**Collected material:**

= = = =

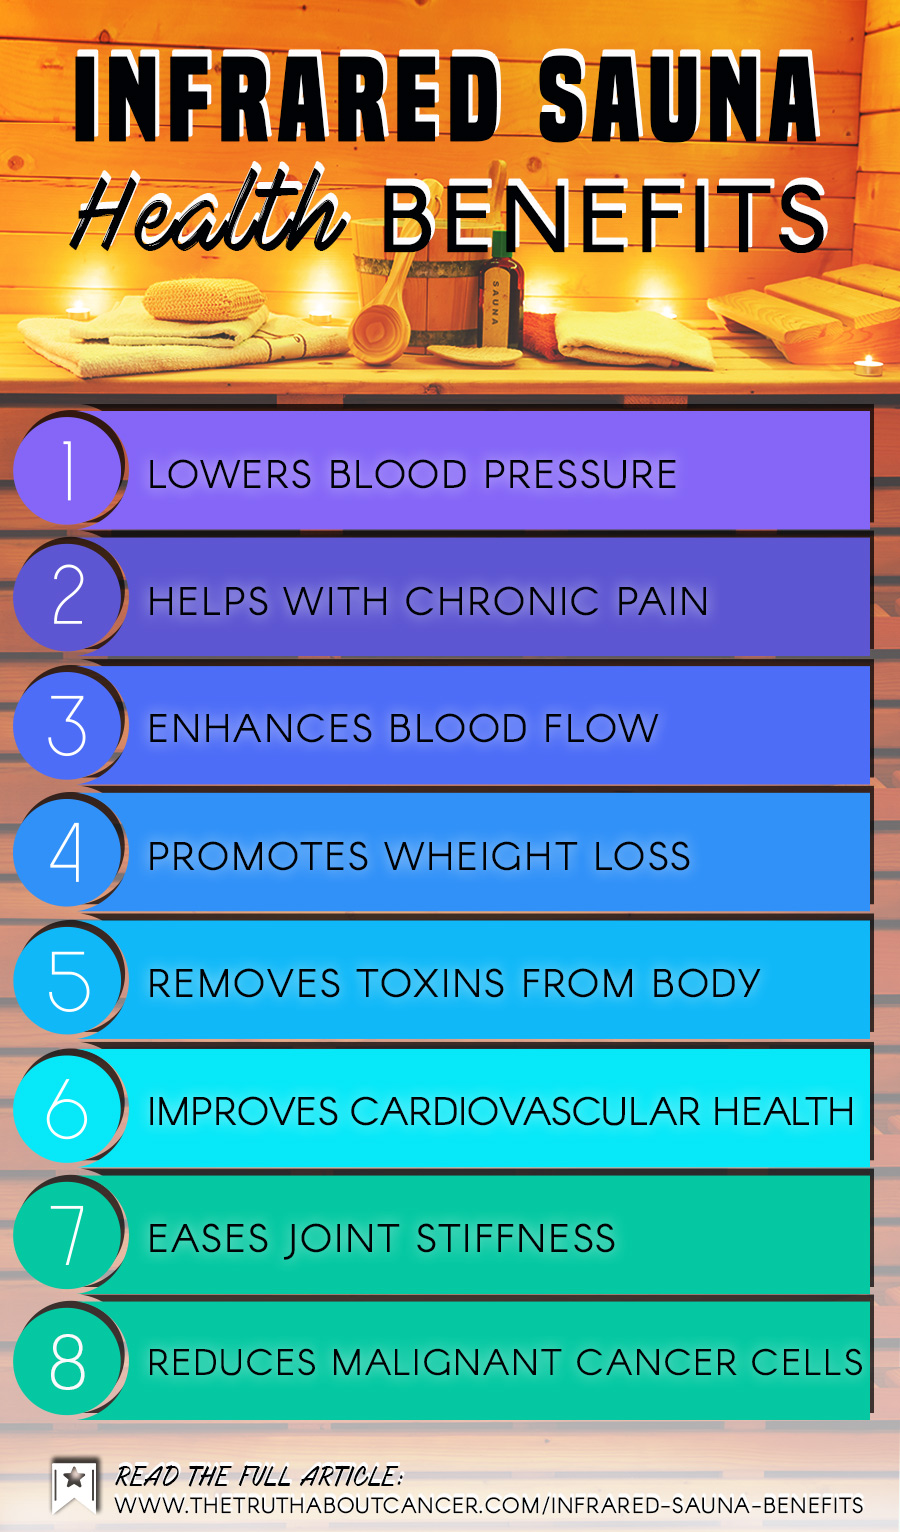 Infrared sauna health benefits
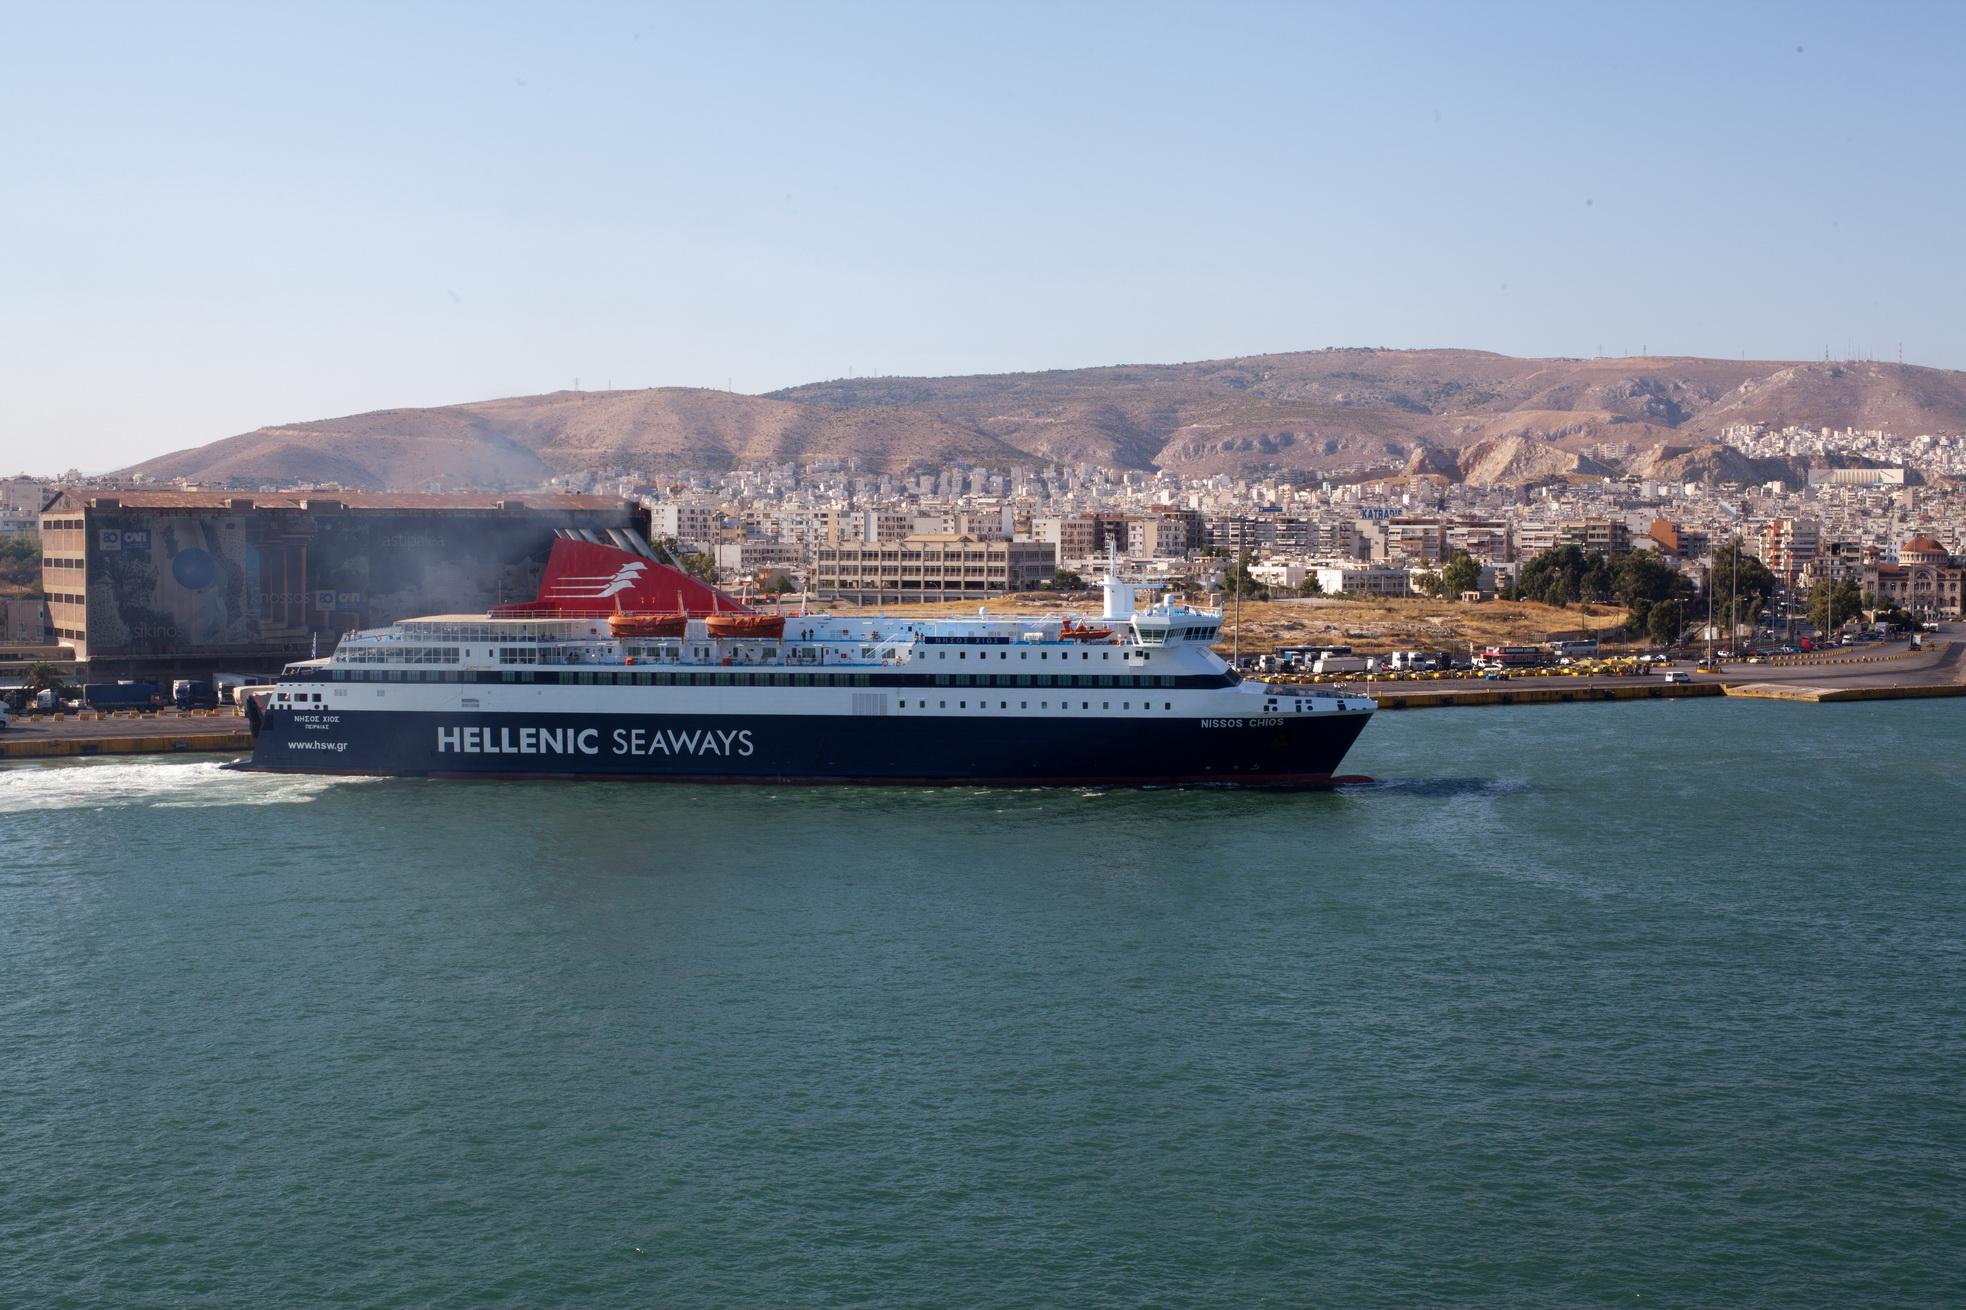 MS Nissos Chios IMO 9215555 Hellenic Seaways docking Piraeus Port of Athens Greece 04
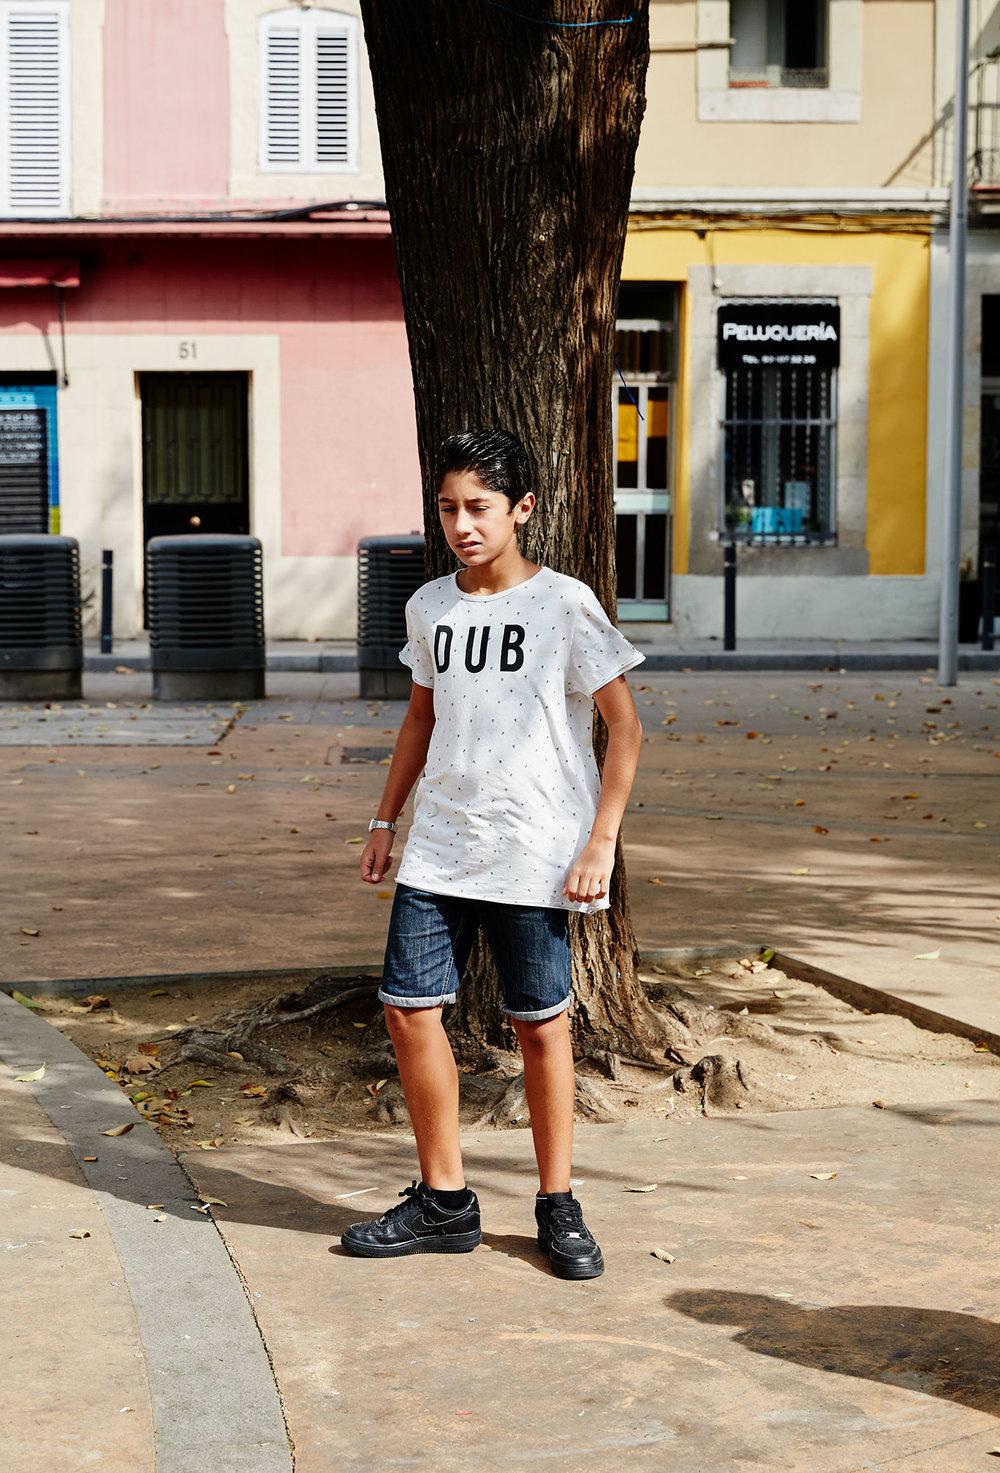 barcelona_15_324.jpg

= = = =

**Problem:** Copy the whole of the material above exactly, but not its images.

**Answer:**
 Infrared sauna health benefits
 MS Nissos Chios IMO 9215555 Hellenic Seaways docking Piraeus Port of Athens Greece 04
 barcelona_15_324.jpg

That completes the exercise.